Even so, there is a seemingly well-established practice of courts looking for what the statutory provision that is, as it were, the proximate cause of the unconstitutionality. What makes one provision rather than another with which it combines the proximate cause? Because this process takes place implicitly, there's not an established set of criteria, but it's not difficult to identify the relevant ones. A court deciding which provision or provisions to excise would try to minimize the disruption of the statutory scheme (as in severability analysis) and also minimize the judicial rewriting of the Code.

In the debt-ceiling scenario, those factors clearly point towards invalidating the debt ceiling provision, rather than any combination of spending provisions or limits on taxation. Why? Because for a court to close the fiscal gap by increasing taxes or slashing spending would require a drastic rewriting of federal statutes and usurp legislative authority on matters that are thoroughly political. By contrast, invalidating the debt ceiling cures the constitutional violation in one fell swoop.

One of the most egregious errors in Prof Michael McConnell's recent NY Times op-ed is this assertion: "The debt limit is nothing more than an authorization from Congress to borrow . . . up to a certain limit. The debt ceiling is not a restriction on what would otherwise be the president’s ability to borrow; it is an authorization." That's false. Prof McConnell is confusing the origin of the debt ceiling with its current form. Before the early 20th century, Congress would pass separate borrowing authorizations for particular statutory expenditures when they weren't fully funded by other revenue. The debt ceiling came about as part of an effort to avoid the need for these separate measures and was indeed part and parcel of the authorization for the executive branch to borrow. But that's not how it works today. Now the debt ceiling is codified in 31 U.S.C. § 3101. Authorization for the executive branch to borrow is codified separately, chiefly in 31 U.S.C. §§ 3102 - 3106. Thus, a court could declare the debt ceiling (§ 3101) invalid and cleanly sever it from the borrowing authorization.
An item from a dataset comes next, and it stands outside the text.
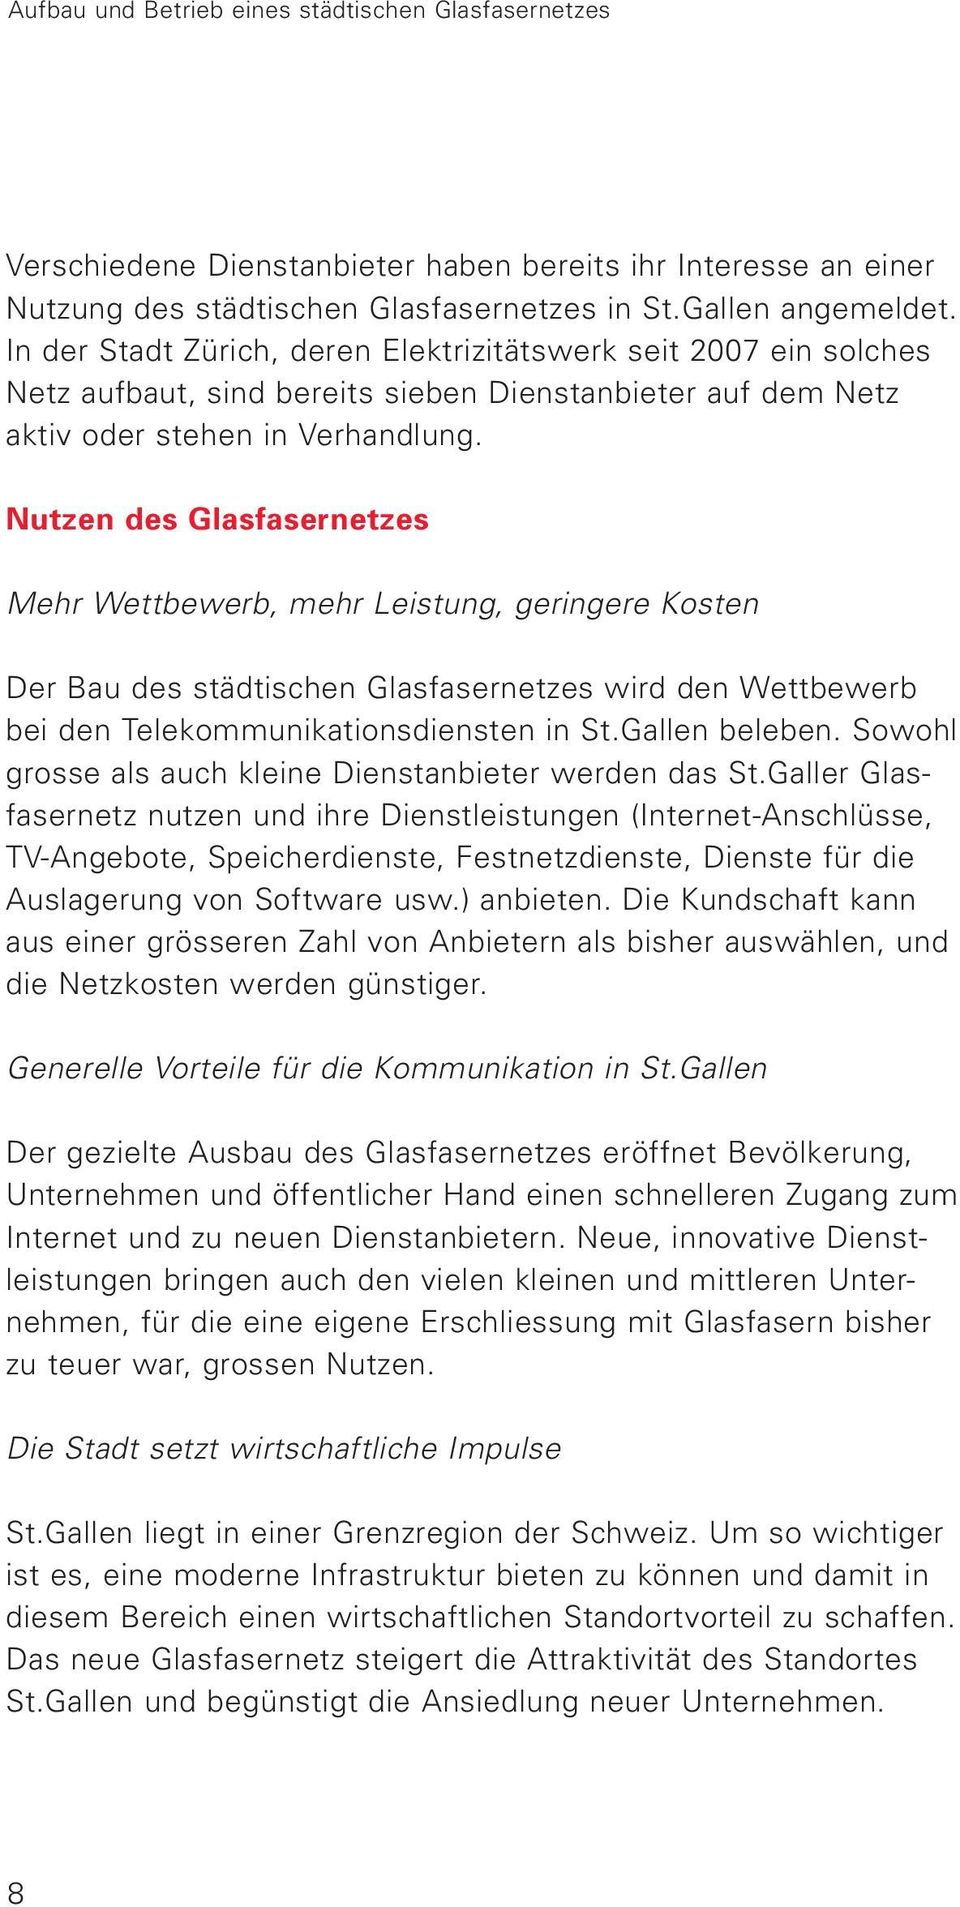 Nutzen des Glasfasernetzes Mehr Wettbewerb, mehr Leistung, geringere Kosten Der Bau des städtischen Glasfasernetzes wird den Wettbewerb bei den Telekommunikationsdiensten in St.Gallen beleben.

And if a court can do it, so can the president on his own initiative. As a general matter, we expect the president to follow the law but not if it's unconstitutional. Thus, the Obama administration enforced but didn't defend in court the Defense of Marriage Act based on its mere doubts about the law's constitutionality. (Those doubts were vindicated by SCOTUS in United States v. Windsor.) If Congress fails to raise the debt ceiling before June 1 (or thereabouts), the administration will not have mere doubts about constitutionality. If it then refuses to pay people and entities to which money is legally owed, it will certainly violate separation of powers (and probably the 14th Amendment § 4 as well).

In our prior work, Prof Buchanan and I have argued (over and over) that borrowing in excess of the debt ceiling would also be unconstitutional but less so and thus the least unconstitutional option. But for the same reason that it would be a usurpation of legislative authority for a court to rewrite the taxing or spending laws, it would be a usurpation for the president to do it. Thus, it's again obvious that the debt ceiling statute--rather than some combination of that statute and the taxing and spending laws--is the proximate cause of the constitutional violation. Accordingly, the president should conclude that he need not, indeed cannot, obey the debt ceiling statute, which, under the circumstances, is a nullity. That leaves him with the borrowing authority conferred in other statutory provisions.